The Prime Minister has said “nothing will stand in our way” of getting flights off the ground after the Government’s Rwanda deportation plan passed through Parliament.
The House of Lords had been engaged in an extended tussle over the Safety of Rwanda (Asylum and Immigration) Bill on Monday, sending it back to the Commons five times in a bid to secure changes.
The unelected chamber ended the deadlock after MPs rejected a requirement that Rwanda could not be treated as safe until the secretary of state, having consulted an independent monitoring body, made a statement to Parliament to that effect.
So what happens now the flagship Rwanda plan has passed the Lords?
There will reportedly be around 150 asylum seekers on the first two or three flights to Kigali, with flights expected to start in July.
“We have prepared for this moment… We’ve increased detention spaces to 2,200,” Mr Sunak announced.
The prime minister said the government had put an airfield on standby and booked commercial charter planes for specific slots to remove the asylum seekers to Rwanda. He added that 500 highly trained individuals had been found to escort “migrants all the way to Rwanda” with 300 more trained in the coming weeks.
The prime minister said that the first flight would leave in 10-12 weeks and he committed to regular flights over the summer “until the boats are stopped”.
Will this plan face any legal challenges?
Refugee charities are poised to support individual asylum seekers chosen to take part in the first flight and to challenge their deportation in the courts.
The bill restricts asylum seekers’ abilities to challenge the policy as a whole, or to challenge the notion that Rwanda is safe, but there may be room for a legal challenge based on their own personal circumstances – such as a history of trafficking, or being LGBTQ+.
After being notified of their removal to Rwanda, an asylum seeker would have seven days to seek to appeal their deportation.
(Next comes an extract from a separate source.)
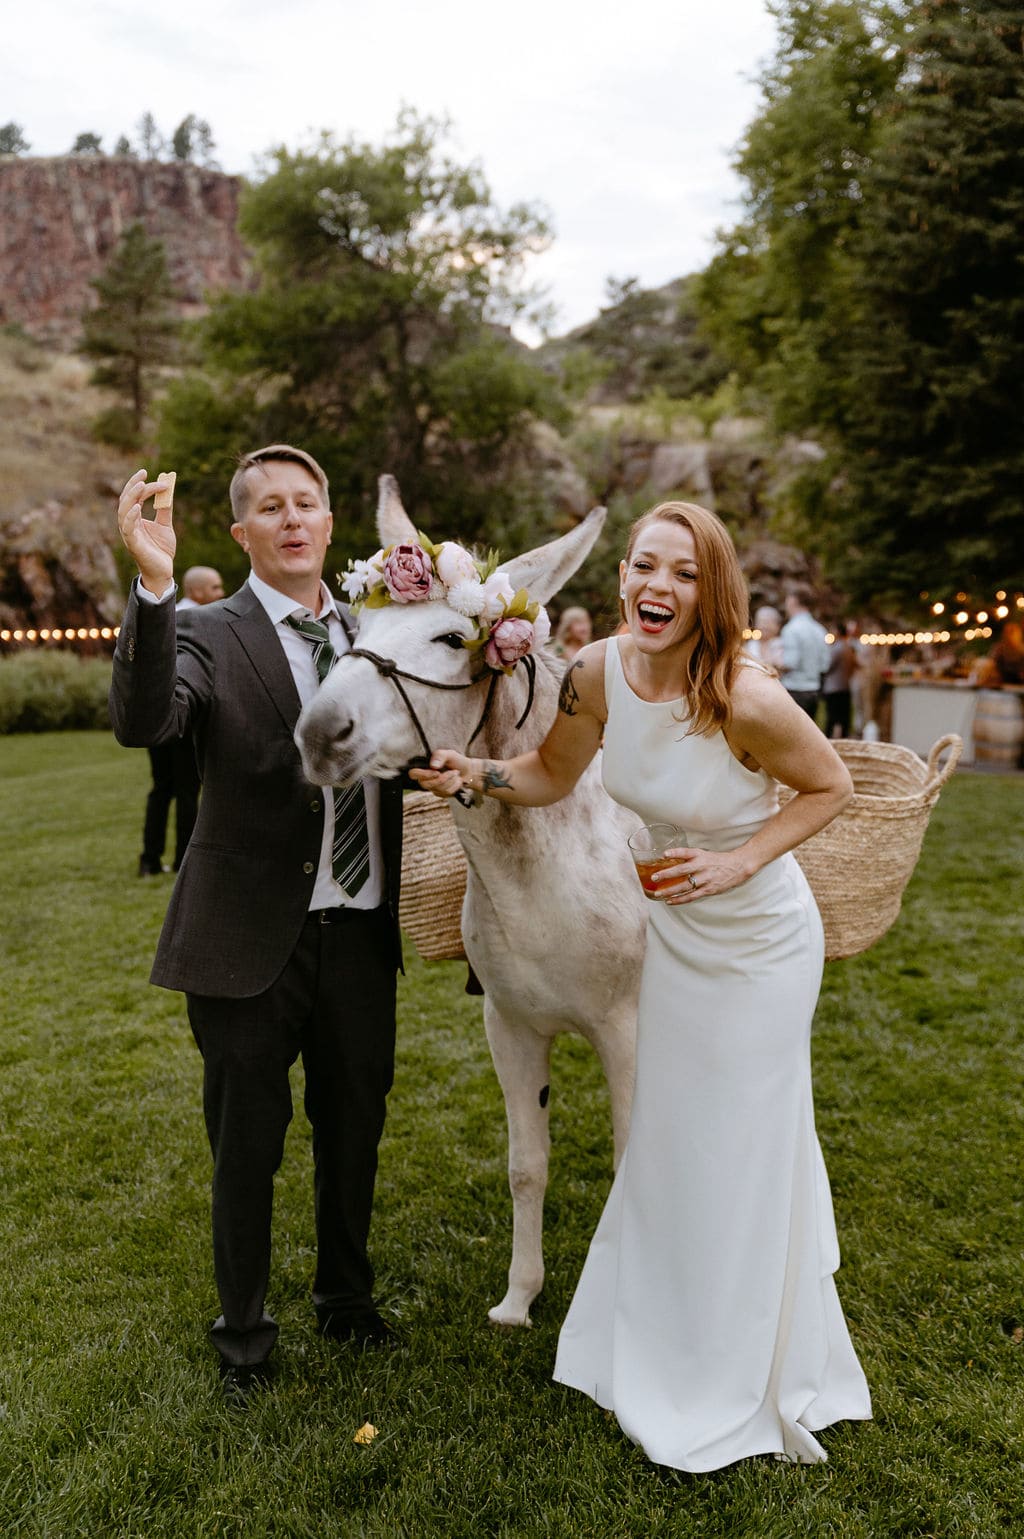 Wedding reception with the rocky mountain wedding burros

A proportion of these appeals will go to the upper immigration tribunal, which then must determine each case within 22 days.
The government has recruited a pool of judges to deal with these appeals so that flights can get off the ground in the summer.
These individual challenges could in theory be taken all the way to the European Court of Human Rights (ECHR), where judges could then issue a ruling that the deportation of that person would be unlawful.
Countries signed up to the ECHR are not bound by these rulings, even though they very rarely ignore them. Mr Sunak has already indicated that he will ignore any ECHR ruling that tries to stop flights to Rwanda.
The civil service union, the FDA, is also considering a legal challenge to the bill . General secretary Dave Penman said the bill left civil servants “in an invidious position, where a minister could instruct them to break international law but their professional obligation, as set out in the civil service code, prohibits them from doing so.”
Mr Sunak said civil servants must deliver instructions from ministers to ignore ECHR rulings. He said he had amended guidance for civil servants to make it clear that they need to follow directions from ministers, even if the directions go against international law.
Who else could be sent to Rwanda?
There are more than 55,500 asylum seekers who are in the UK after arriving irregularly since March 2023. These migrants have had their cases paused by the Home Office as the government waits to see if its policy of sending people to Rwanda will succeed.
The “perma-backlog” has been caused by the government’s Illegal Migration Act, which bans ministers from granting asylum to anyone who entered the UK illegally on or after 7 March 2023. The act also requires the government to remove illegal migrants who entered the country after 20 July 2023, when the act received royal assent.
Thinktank the Institute for Public Policy Research has estimated that more than 55,000 people are stuck in this limbo.
More than 24,000 of them have been issued with letters warning them that they are being considered for removal from the UK.
How much does this all cost?
The spending watchdog the National Audit Office recently said that if 300 people are eventually sent to Rwanda, the cost will amount to £1.9m per person.
The UK government had paid £240m to Rwanda by the end of 2023, however the NAO says that the total cost will be at least £370m over five years.
Britain will spend as much as £150,874 on processing and operational costs for each asylum seeker sent to Rwanda.
Where will the asylum seekers stay when they get to Rwanda?
Asylum seekers who arrive in Kigali will be housed in the Hope hostel, which has capacity for 200.
The government had promised that after three months in this hostel the asylum seekers would then be moved on to more permanent homes. However it emerged this month that a number of homes earmarked for migrants had been sold to locals.
Some 70 per cent of the 163 homes thought to be for UK asylum seekers have now reportedly been sold.